The choice of test cases for evaluating the performance and viability of the reimplemented Ataccama Expression Language in Python is designed to reflect a range of real-world scenarios that data engineers commonly encounter. These test cases are selected to cover a spectrum of complexity, from relatively simple checks to more involved, multi-condition validations that interact with external data sources and complex logic. This selection ensures that the testing not only assesses basic functionality but also gauges the performance under more demanding processing conditions. 

There are two test cases selected for the performance evaluation representing different levels of complexity in data quality rule validation. This scope allows for a comprehensive assessment of the Python implementation's performance across a range of scenarios, from basic data validation to more intricate customer data checks. The test cases are designed to simulate common data quality tasks that data engineers might encounter in their daily work, providing a realistic basis for evaluating the Python implementation's efficiency and effectiveness in handling these tasks.

Both of the test cases include enumerating the failed records, which is a common requirement in \glsxtrshort{dqm} tasks. This feature is essential for identifying and addressing data quality issues efficiently, making it a key aspect of the performance evaluation.

\subsection{Test Case 1: Simple Continent Validation}

\paragraph{Description} This test involves evaluating a relatively straightforward expression that checks if the value of a 'continent' field does not belong to a predefined list of continent names. 

\paragraph{Relevance} This test case is chosen for its simplicity and its commonality in data validation tasks. It represents typical scenarios where fields within datasets are validated against a fixed set of allowable values.  Only a single condition is used wherein lies the simplicity of the case. Testing this case helps verify the Python implementation’s ability to handle basic inclusion checks efficiently, a frequent requirement in data cleaning and standardization processes. It also serves as a check for the system’s ability to process simple expressions quickly and accurately, possibly revealing any performance overhead and bottlenecks in the compilation process itself.

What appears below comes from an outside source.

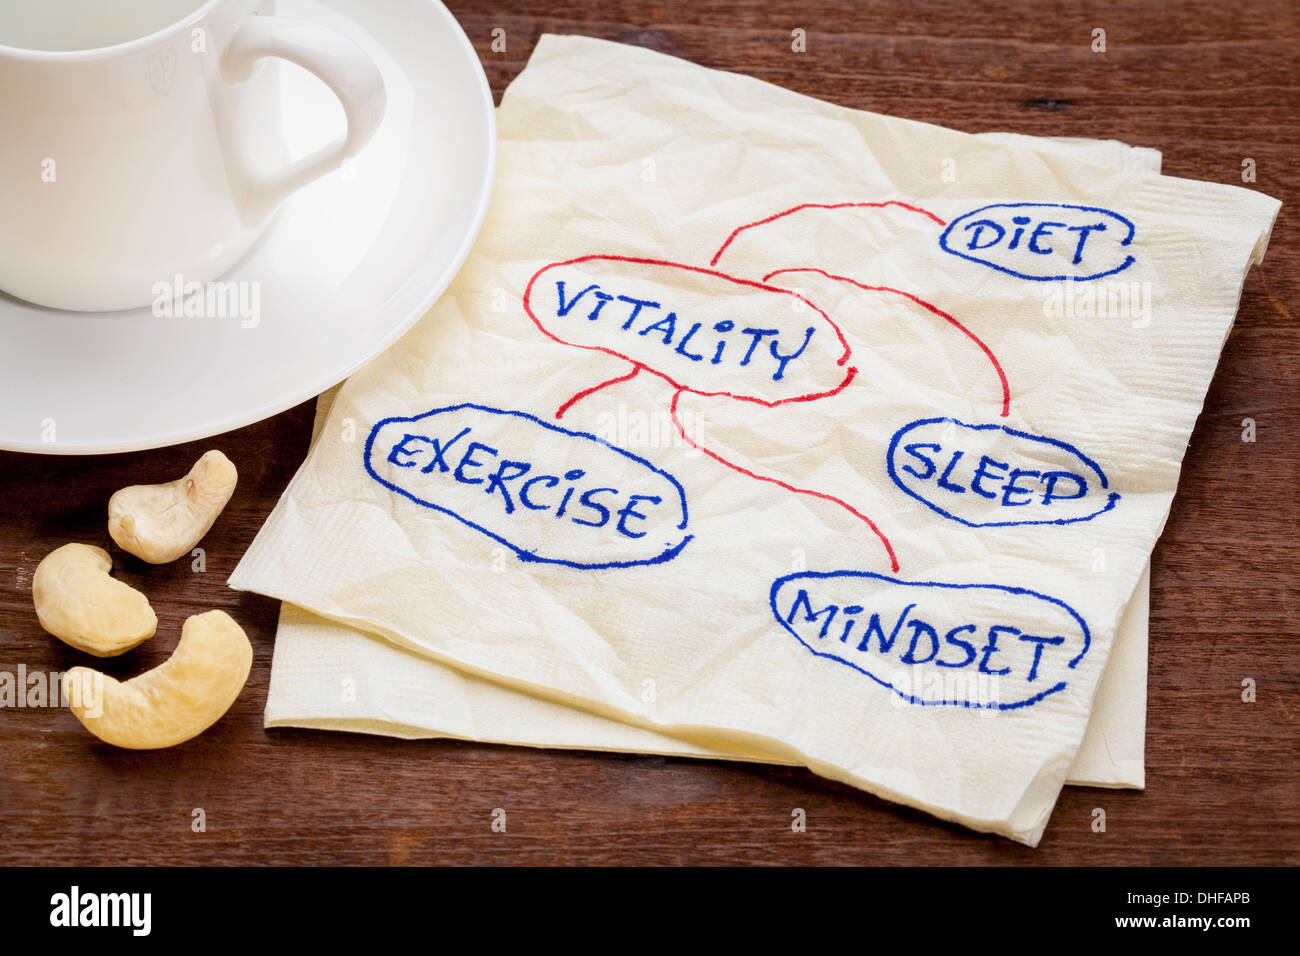 La dieta, dormire, esercizio e di mentalità - concetto di vitalità - uno schizzo su un tovagliolo con tazza di caffè Foto Stock

\subsubsection{Expressions Implementation}

\begin{verbatim}
( NOT ( lower(continent) in \{ "asia", "africa", "europe", 
"north america", "south america", "oceania", "antarctica" \} ) )
\end{verbatim}

\subsubsection{Great Expectations Implementation}

\begin{verbatim}
{
  "data_asset_type": "Dataset",
  "expectation_suite_name": "default",
  "expectations": [
    \{
      "expectation_type": "expect_column_values_to_be_in_set",
      "kwargs": \{
        "column": "continent_lower",
        "mostly": 1,
        "value_set": [
          "asia",
          "africa",
          "europe",
          "north america",
          "south america",
          "oceania",
          "antarctica"
        ]
      \},
      "meta": \{\}
    \}
  ],
  "ge_cloud_id": null,
  "meta": \{
    "great_expectations_version": "0.18.12"
  \}
\}
\end{verbatim}

\subsubsection{Soda Core Implementation}

\begin{verbatim}
checks for continents:
    - invalid_count(continent_lower) = 0:
          valid values: ["asia", "africa", "europe", 
                         "north america", "south america", 
                         "oceania", "antarctica"]
\end{verbatim}


\subsection{Test Case 2: Complex Customer Validation}

\paragraph{Description} This more complex test case. The complexity lies in applying multiple conditions to validate customer data, involving null checks, file lookups, regular expression pattern matching.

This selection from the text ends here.